[Opening INFORMATION SHOWN section]

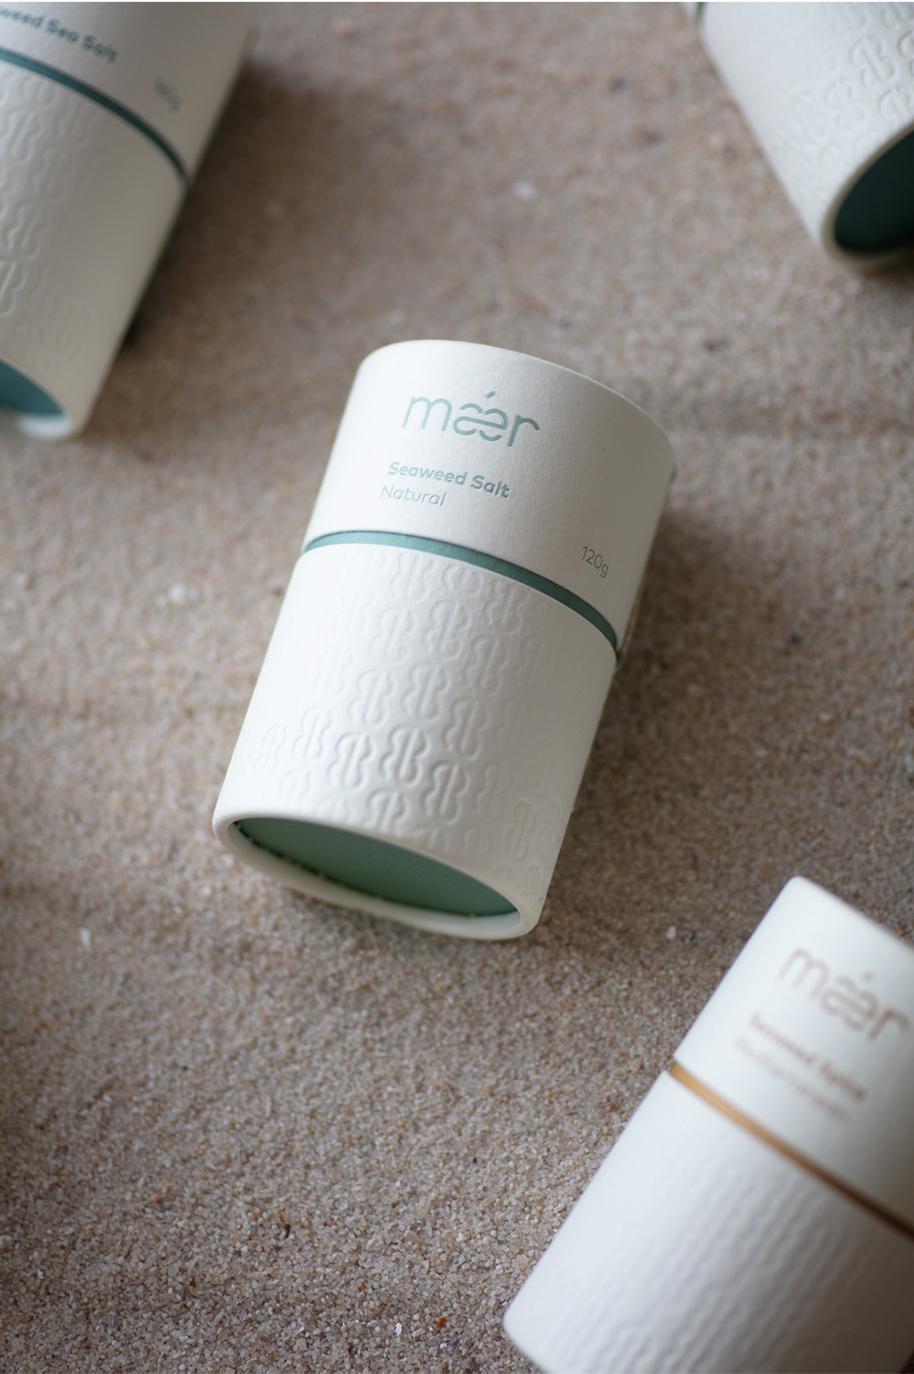 maer-packaging-1-hq
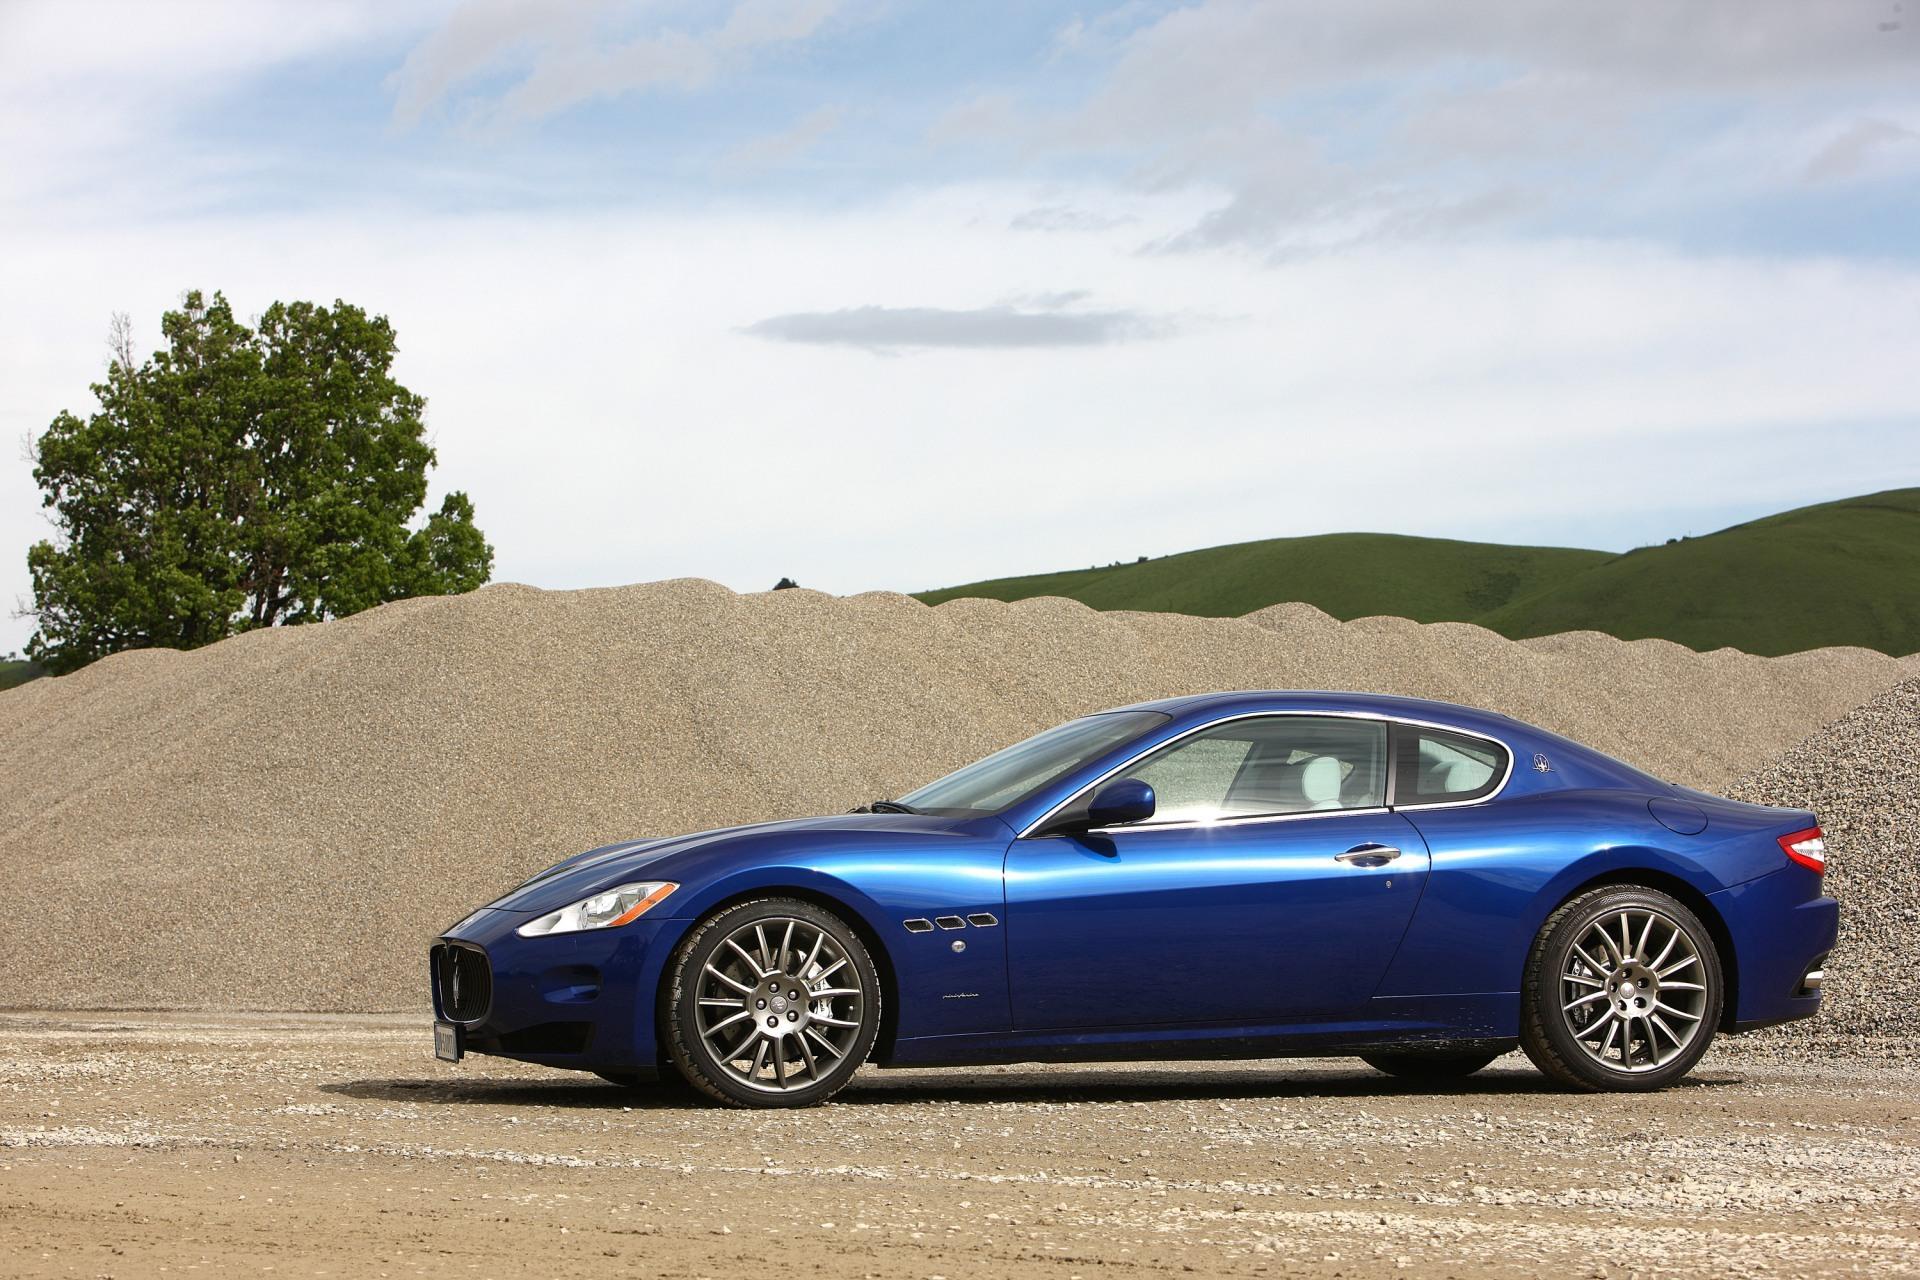 Geneva Auto Sales >> 2010 Maserati GranTurismo - conceptcarz.com
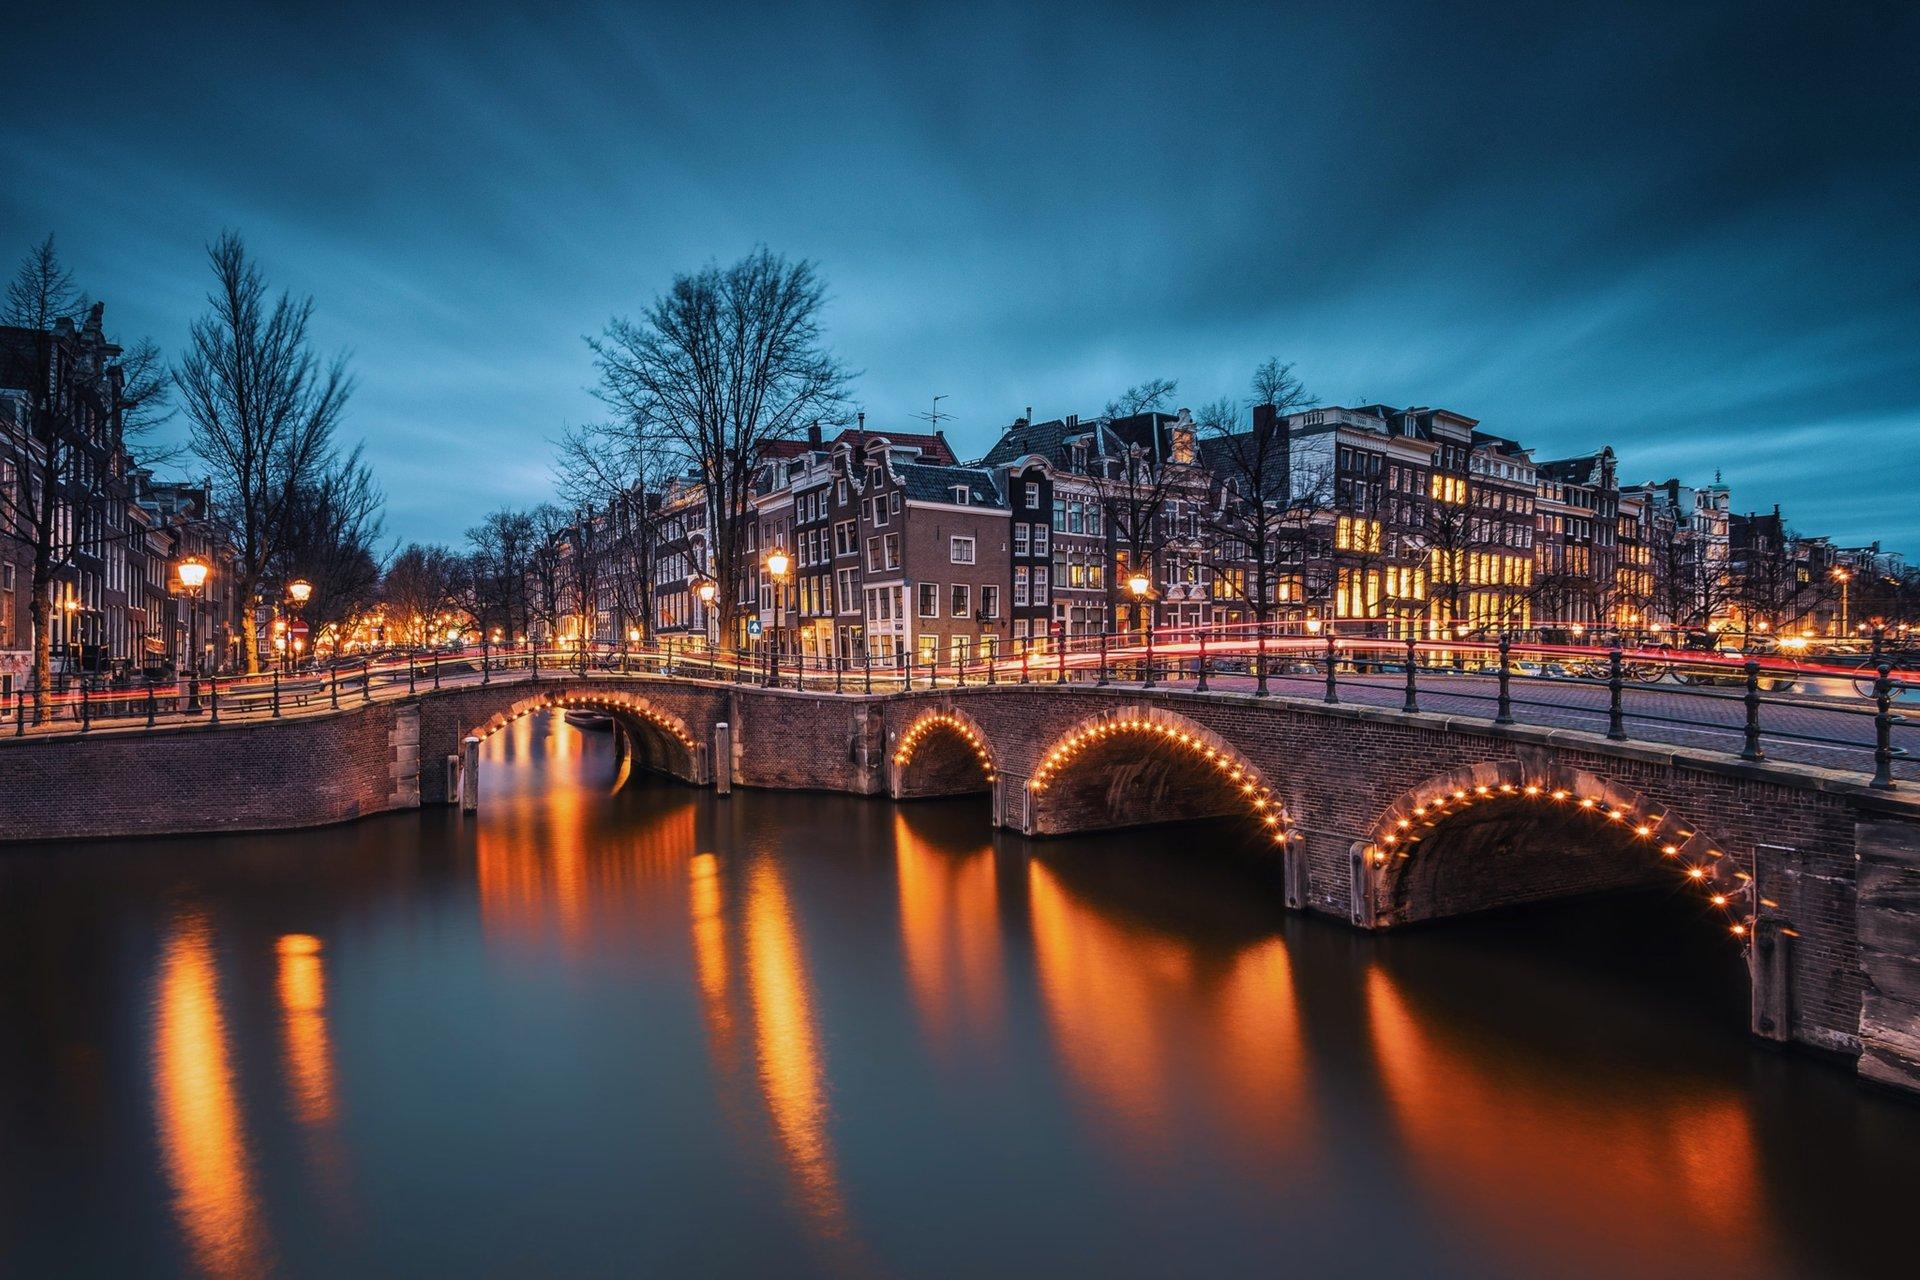 Man Made - Amsterdam  Emperor's Canal Building Light Evening River City Nederland Wallpaper

[Closing INFORMATION SHOWN section]

*TASK TO COMPLETE*: Retype the whole of the data verbatim. Skip every picture.

*TASK RESULT*:
 maer-packaging-1-hq
 Geneva Auto Sales >> 2010 Maserati GranTurismo - conceptcarz.com
 Man Made - Amsterdam  Emperor's Canal Building Light Evening River City Nederland Wallpaper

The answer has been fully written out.